Materials provided: Begin
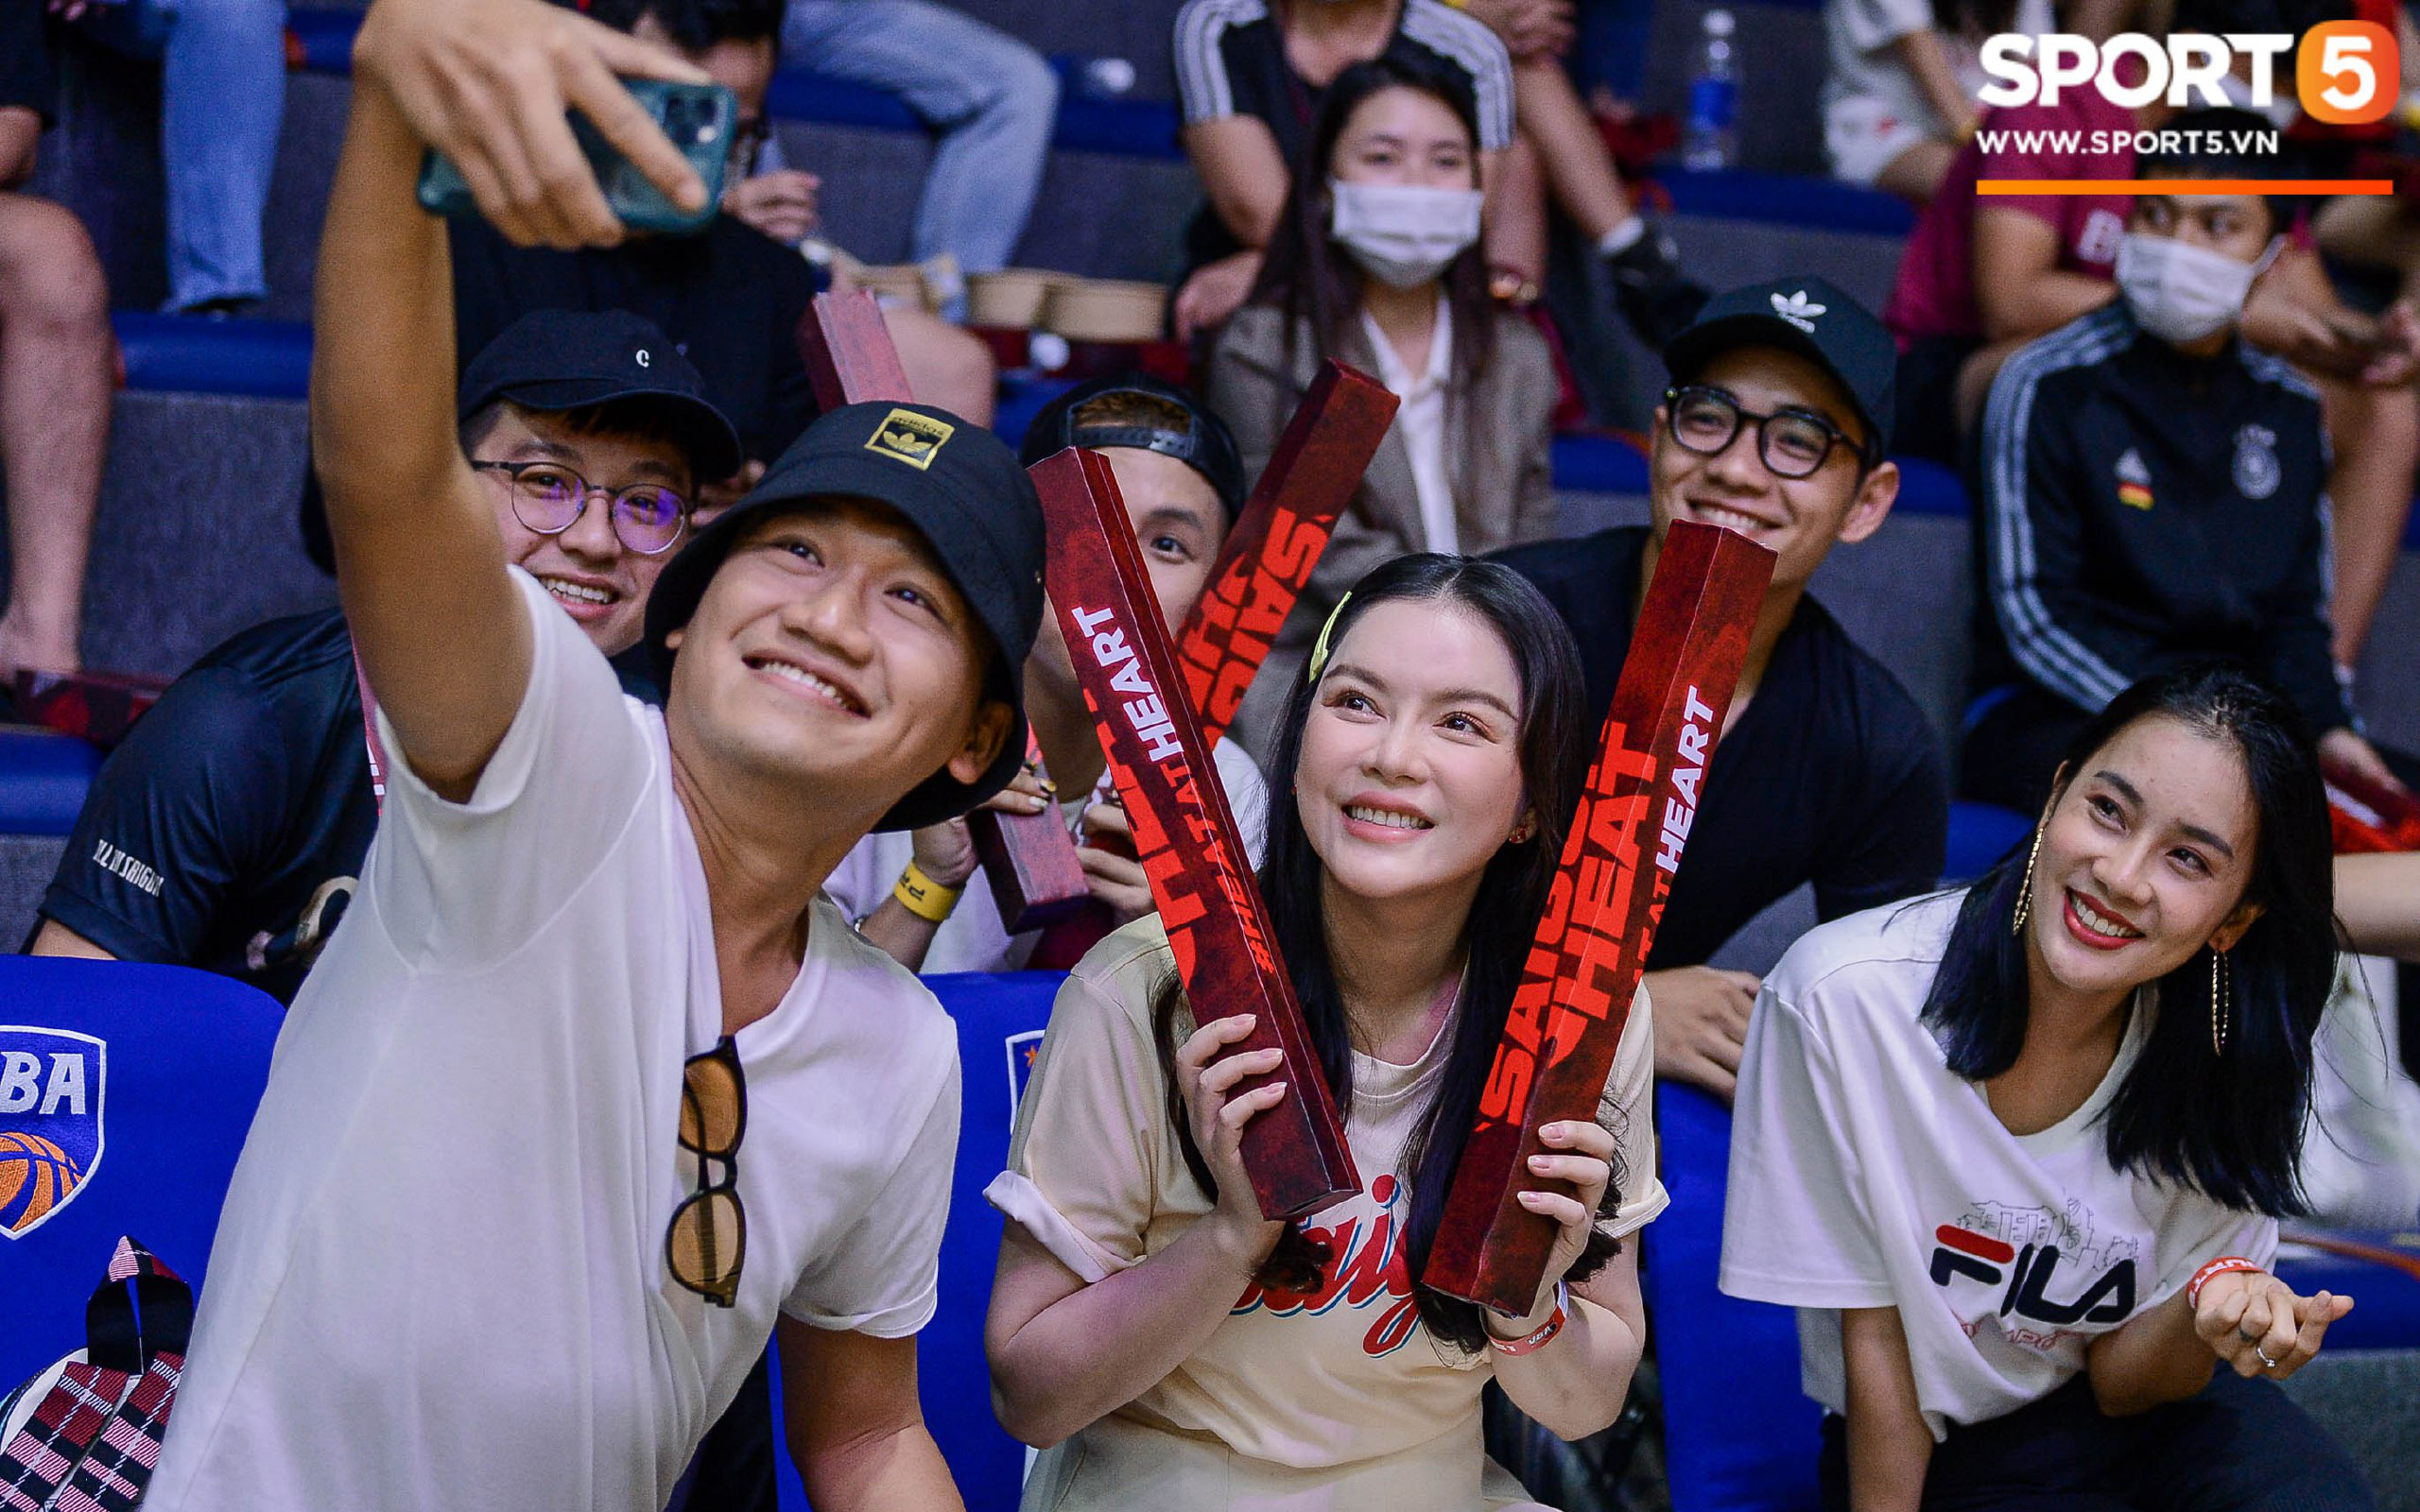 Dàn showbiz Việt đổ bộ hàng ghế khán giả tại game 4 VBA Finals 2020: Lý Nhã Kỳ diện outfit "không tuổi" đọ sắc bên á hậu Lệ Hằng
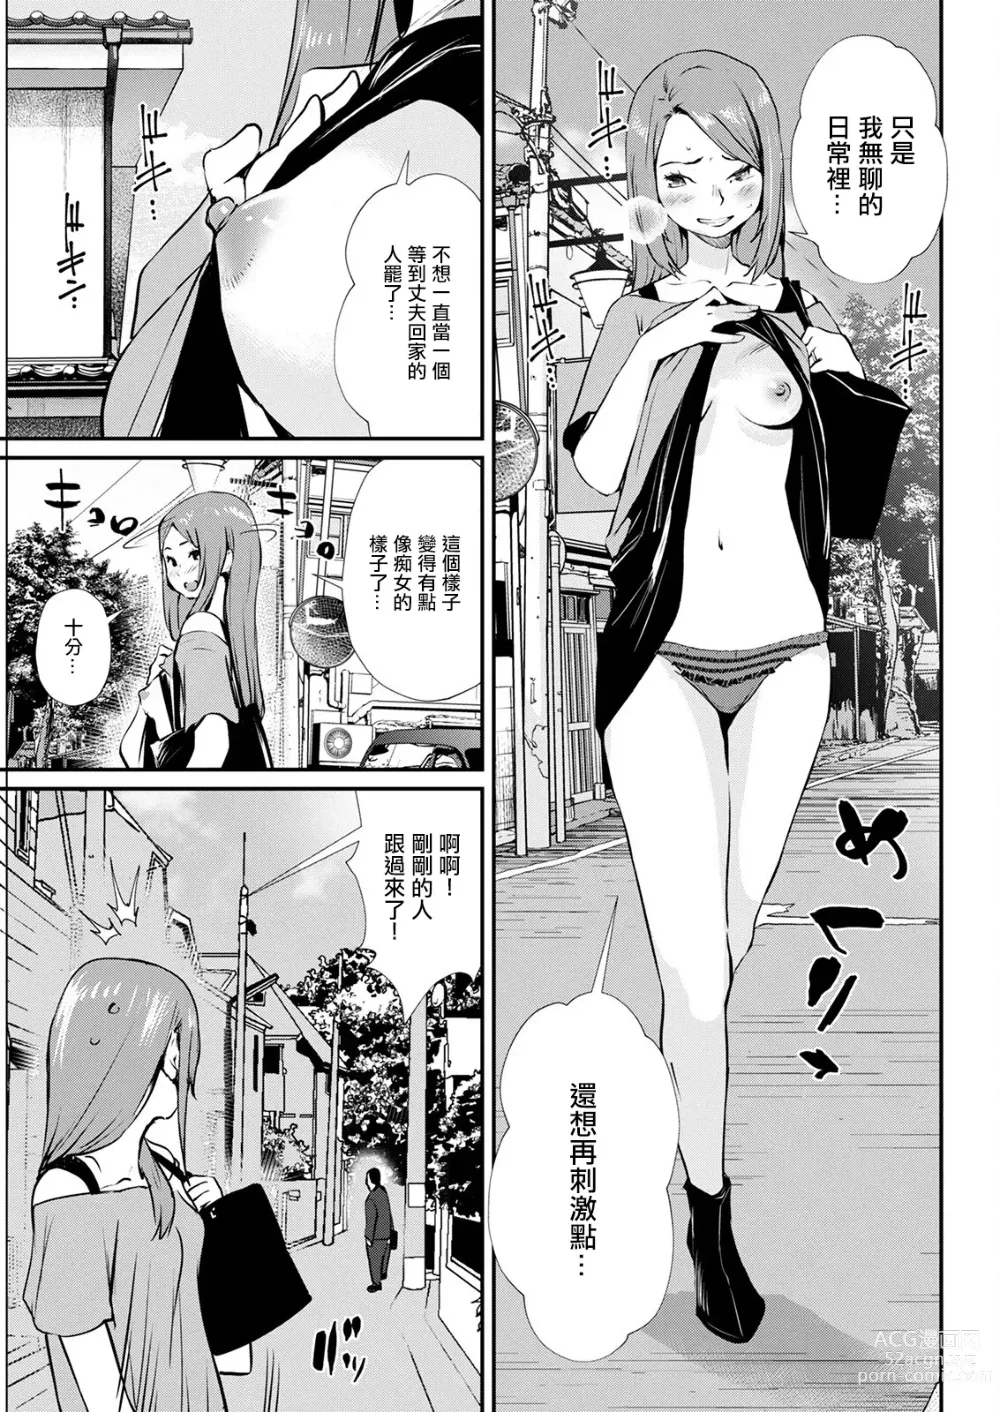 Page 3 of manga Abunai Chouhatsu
Materials provided: End
Materials provided: Begin
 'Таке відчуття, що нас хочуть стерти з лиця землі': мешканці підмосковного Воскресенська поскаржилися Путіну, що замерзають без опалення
Materials provided: End
=== Prompt ===
Output only the lines above from the line that holds "Dàn showbiz Việt" through the line that holds "Page 3 of manga Abunai Chouhatsu", both ends included, and exclude pictures.

=== Solution ===
 Dàn showbiz Việt đổ bộ hàng ghế khán giả tại game 4 VBA Finals 2020: Lý Nhã Kỳ diện outfit "không tuổi" đọ sắc bên á hậu Lệ Hằng
 Page 3 of manga Abunai Chouhatsu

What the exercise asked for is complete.